Unicode¶
Some parts of Xapian treat strings as opaque blobs of data. Here you can put in any data you like (it can even contain zero bytes, at least at the C++ level - whether zero bytes can be used in other languages mostly depends whether the language allows them in strings).
There are places where Xapian needs to know the encoding of textual data
though - for example when stemming, in xapian.QueryParser and
xapian.TermGenerator, in xapian.MSet.snippet(), etc.
In these places, the C++ API needs UTF-8 to be used.

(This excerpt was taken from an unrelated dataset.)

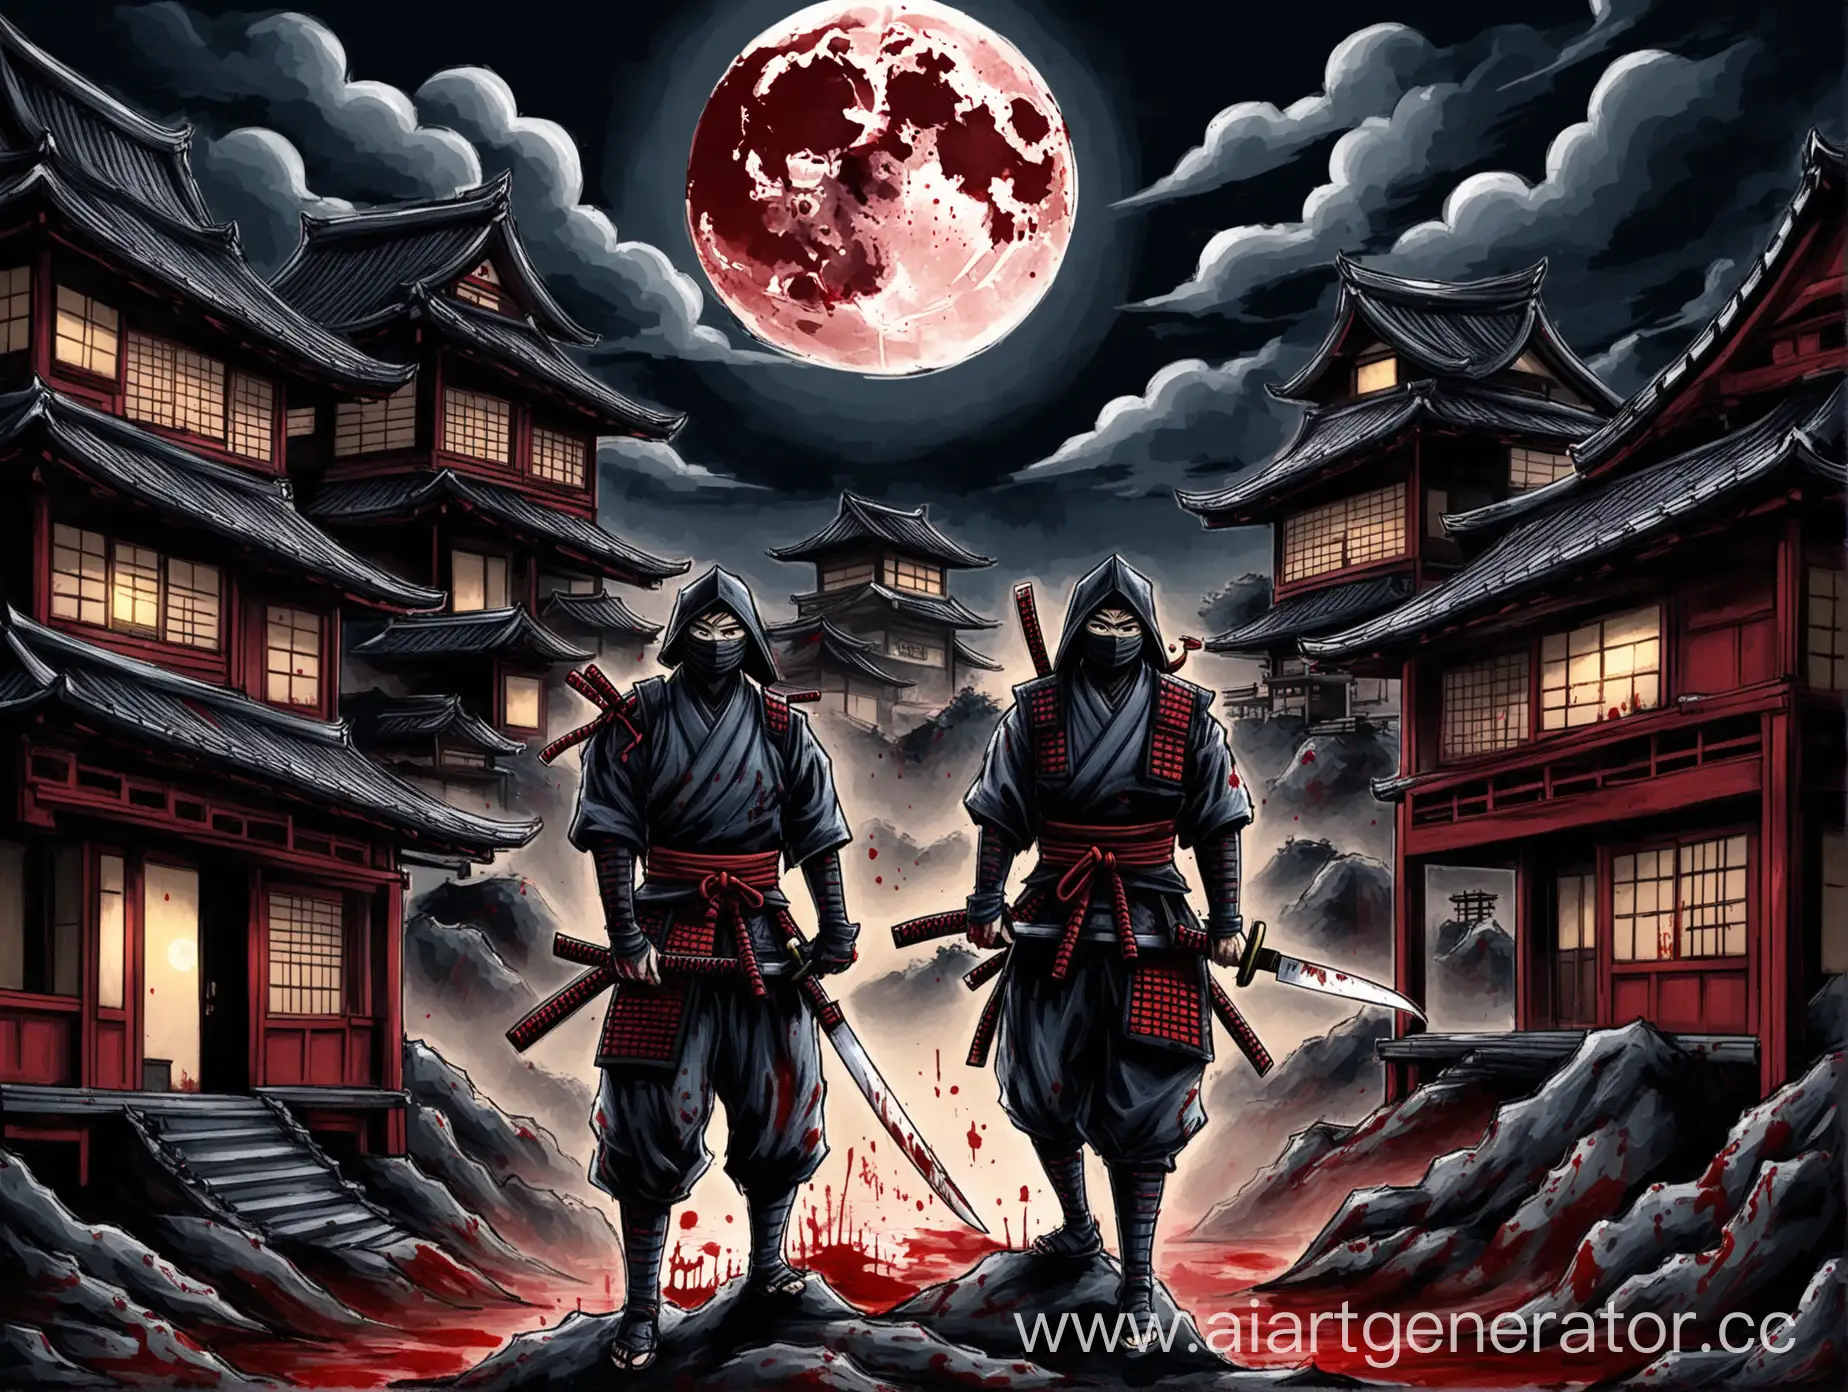 Silent-Samurai-Moonlit-Assassination-Scene

Xapian contains Unicode data tables which are used for character categorisation. These get updated to the latest Unicode version for each release series and then left at the same version for that release series. This avoids problems which can arise from using different Unicode versions at index and search time due to different characters being treated as part of a word.
Unicode Normalisation¶
Some characters can be represented in multiple ways in Unicode. For example, Å (U+00C5: “LATIN CAPITAL LETTER A WITH RING ABOVE”), Å (U+212B: “ANGSTROM SIGN”) and A ̊ (U+0041: “LATIN CAPITAL LETTER A” + U+030A “COMBINING RING ABOVE”) are defined by Unicode as “canonically equivalent”. A search query using one representation should match a document using a different representation. In Xapian that’s best achieved by normalising the representation used in terms.
Unicode defines some normalised forms. Xapian currently assumes data has been converted to NFC (“Normalization Form C”) or NFKC. Here “C” stands for “Composition”, as this form generally uses codepoints with precomposed accents in preference.
NFKC is similar to NFC - the difference is that some additional lossy normalisation is done. For example, NFKC normalises ligature codepoints such as “ffi”, (where the three letters are the single Unicode codepoint U+FB03) to the three individual letters “ffi”, so “office” will match “office”.
Normalising ligatures is desirable if you are dealing with text containing them, but some of the NFKC normalisations are less clearly desirable in the context of search - for example, ² (U+00B2) is normalised to “2”, so NFKC normalises “4²” to “42”, which seems unhelpful. However note that if the superscript was instead done via a font effect (e.g. 4<sup>2</sup> in HTML) then this would likely also result in the term “42”, and the normalisation of related cases such as “H₂SO₄” to “H2SO4” does seem useful.
The NFC FAQ says:
For example, according to data at Google: ~99.98% of web HTML page content characters are definitely NFC.
This data is from 2009, and may vary in other use cases but it seems NFC is very dominant in real-world use. It’s not clear if the cited report attempted to discriminate NFKC from NFC (pages which are NFKC are a strict subset of pages which are NFC) and we’ve not managed to locate the original source of this statistic.